Визит к мозгоправу
Известие о том, что новоизбранный Папа Римский оказался младше него, расстроило Льва Лукича Многолетова. В свои семьдесят один он хоть и поутратил вкус к жизни, но стариком себя не считал. Так что ватиканский дед Лев ХIV, занявший святой престол, нанес тезке удар под дых.
Поделился печальной новостью с бывшей женой. Они давно развелись, но иногда встречались обсудить жизнь дочери, уехавшей с мужем-египтянином в край пирамид.
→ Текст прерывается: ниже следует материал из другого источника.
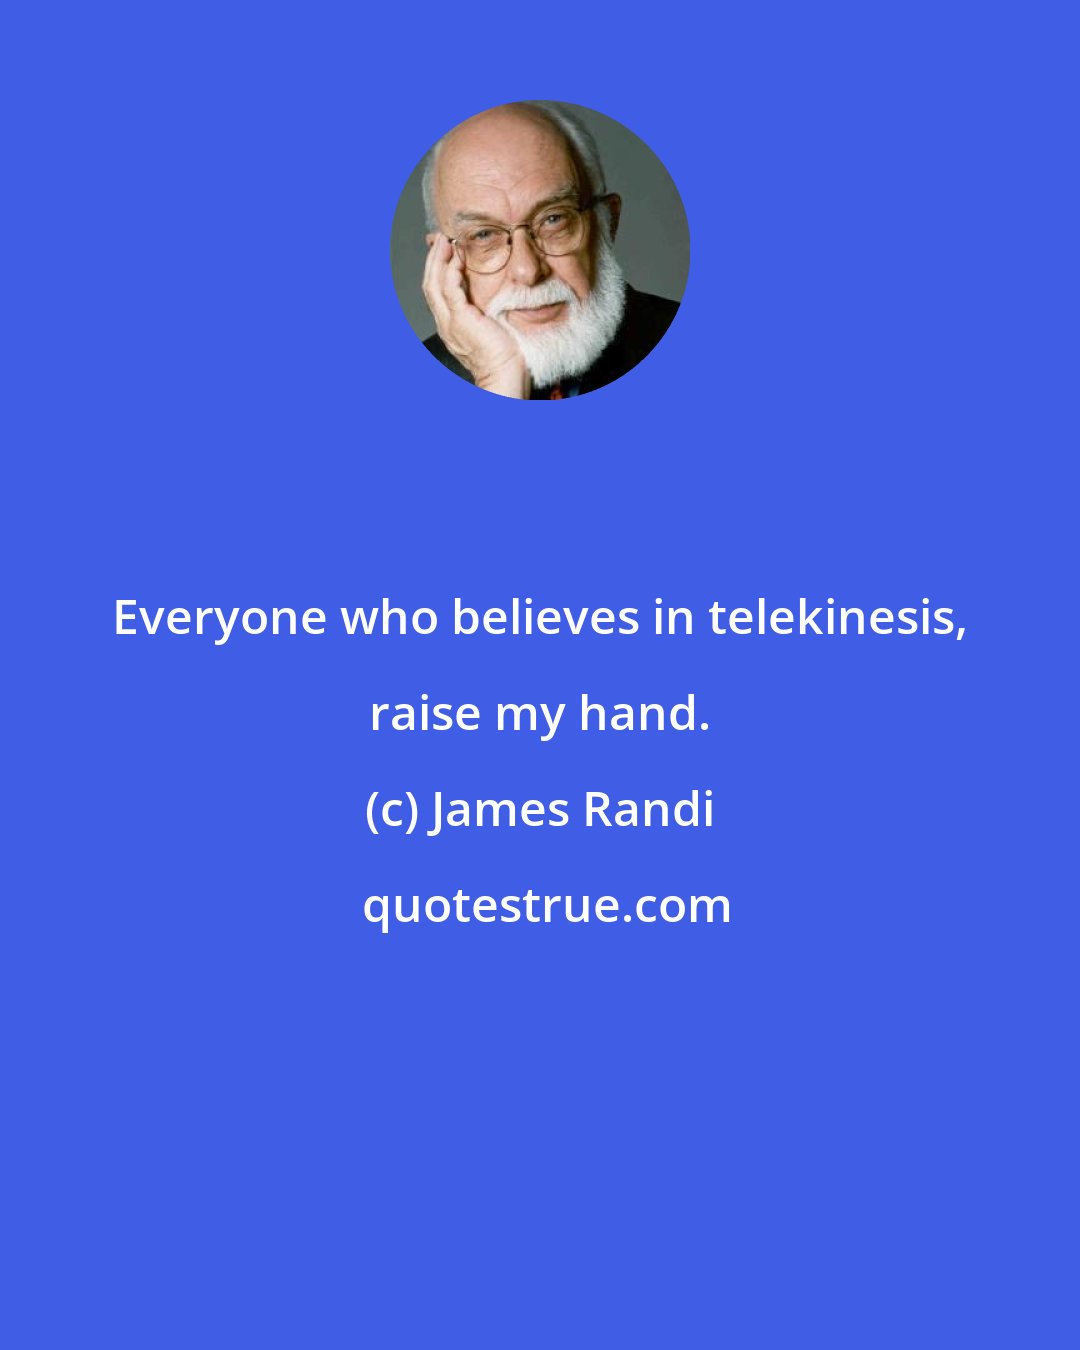 James Randi: Everyone who believes in telekinesis, raise my hand.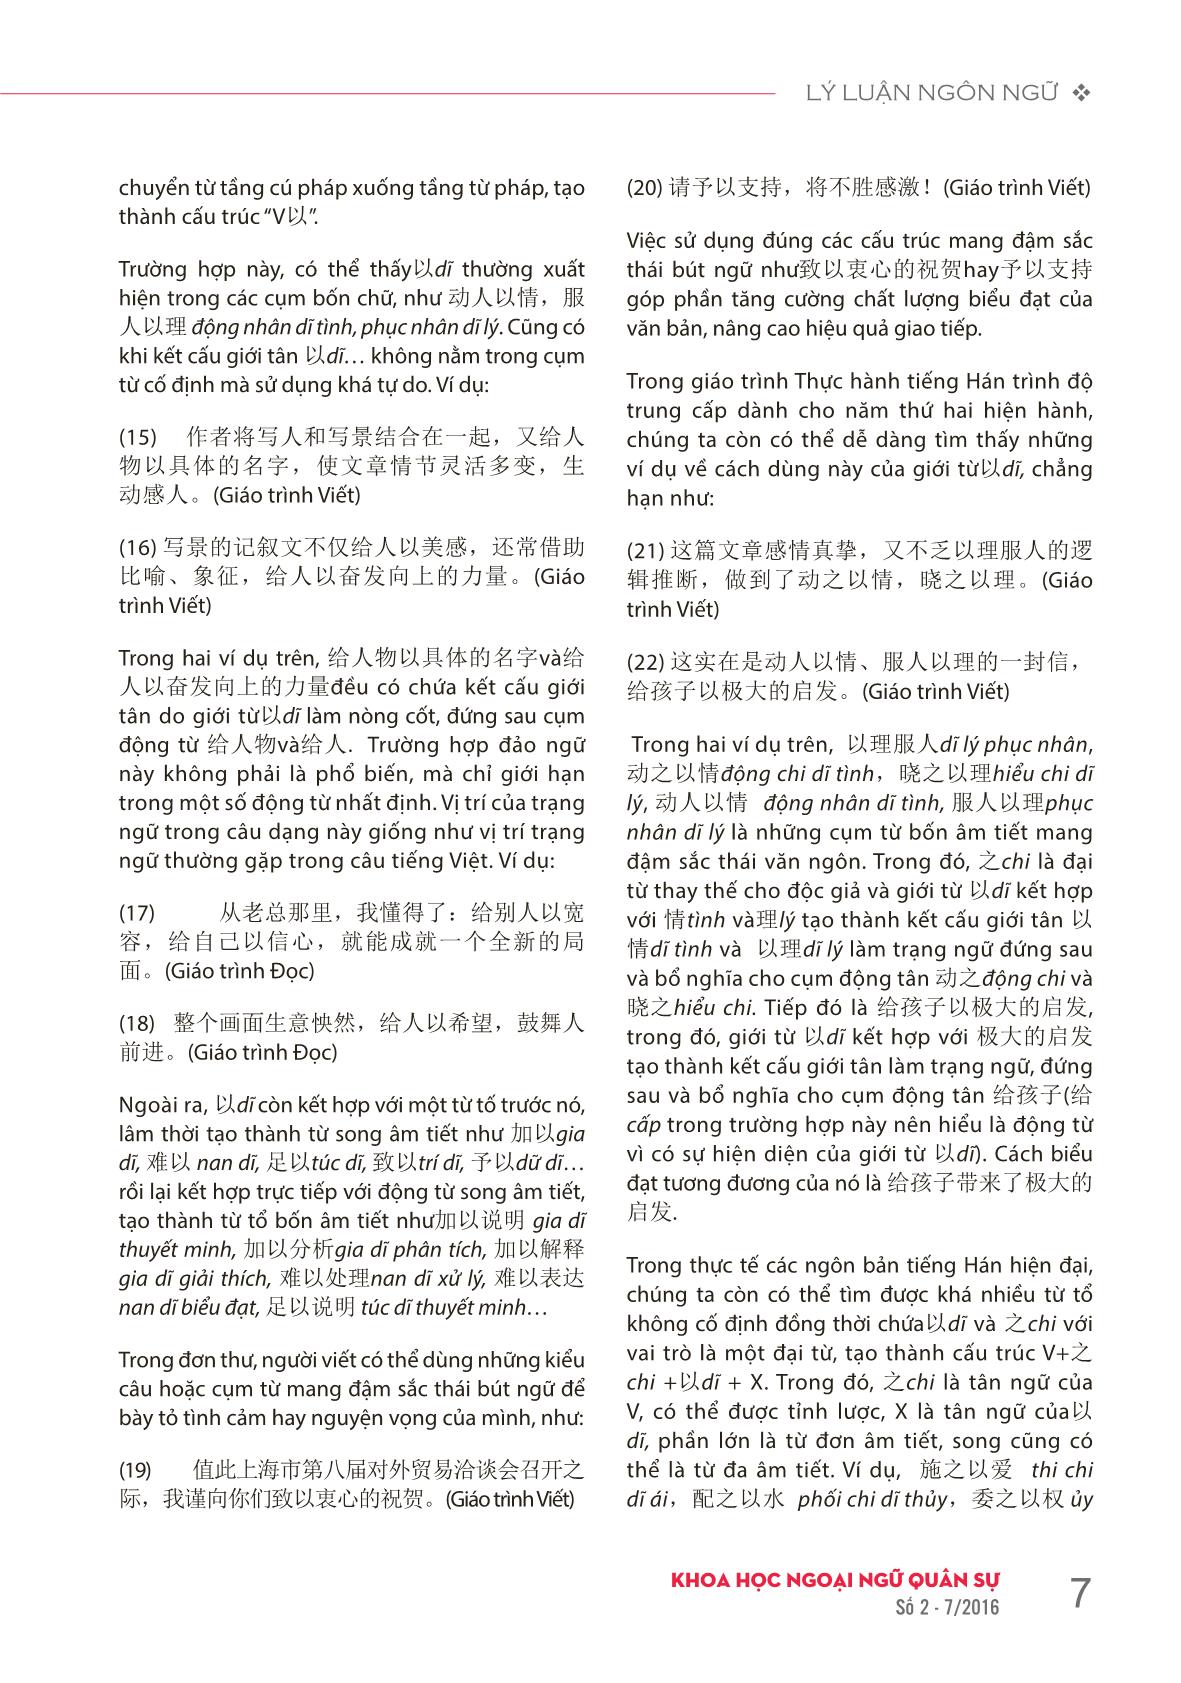 Hư từ 以 dĩ trong tiếng Hán hiện đại và cách biểu đạt tương đương trong tiếng Việt trang 5

Бывшая, ровесница Многолетова, вела активный образ жизни, с такими же тетками занималась танцами, фитнесом, участвовала в любительских спектаклях и, как подозревал Лев Лукич, строила глазки мужичкам-боровичкам.
— Не кисни и сходи к психотерапевту, — заявила экс-супруга. — Есть толковый врач, племянник Софьи Марковны, мы с ней играем в преферанс. Все наши его хвалят. Записывай адрес.
По мере приближения к месту действия настроение Многолетова опускалось. Насмотревшись иностранных сериалов, он полагал оказаться в кабинете викторианского стиля, где благообразный психоаналитик усадит его в глубокое кресло, сдвинет шторы и проследует в тайники подсознания.
Жизнь явила несколько иную картину. Четвертый этаж без лифта, по обе стороны длинного коридора «офисы»: «Ремонт обуви», «Парикмахерская», «Изготовление ключей»... Между оптикой и дамской комнатой табличка: «Психотерапевт к.м.н. Пужаев В. Б.».
Кабинет в эстетике минимализма: стул с дерматиновой обивкой для клиента и пластиковый табурет для хозяина. Сквозь несвежий тюль открывался заводской пейзаж. Обстановку оживлял портрет Зигмунда Фрейда, родоначальника психоанализа и предтечи к.м.н. Пужаева — рыжебородого парня в спортивных штанах и кроксах на босу ногу. Но белый халат был чист и отутюжен, и это отчасти примиряло с действительностью.
— Валерий Богданович, — представился врач. — Можно просто Валера.
Сели, осмотрели друг друга.
— Валерий Богданович, — сказал Многолетов после паузы, — вы в курсе, что меня к вам прислали, но я не нахожу в этом смысла. Всю жизнь я сам был своим личным мозгоправом. Травмы прошлого, внутренние конфликты, симптомы тревоги — все это мы проходили. Пару раз я даже купировал панические атаки. Антидепрессанты сроду не пробовал и впредь не буду. Исповедоваться не люблю. Давайте я оплачу свой визит и откланяюсь.
— Платить не нужно, — сказал врач, не показав удивления. — Первый прием бесплатный. Оплата начиная со второго.
— Но второго не будет.
— Как знать. Можно я сформулирую вашу проблему?
— Попробуйте, — без интереса отозвался Многолетов.
— Судьба кончилась, а жизнь продолжается.
Лев Лукич внимательно посмотрел на врача.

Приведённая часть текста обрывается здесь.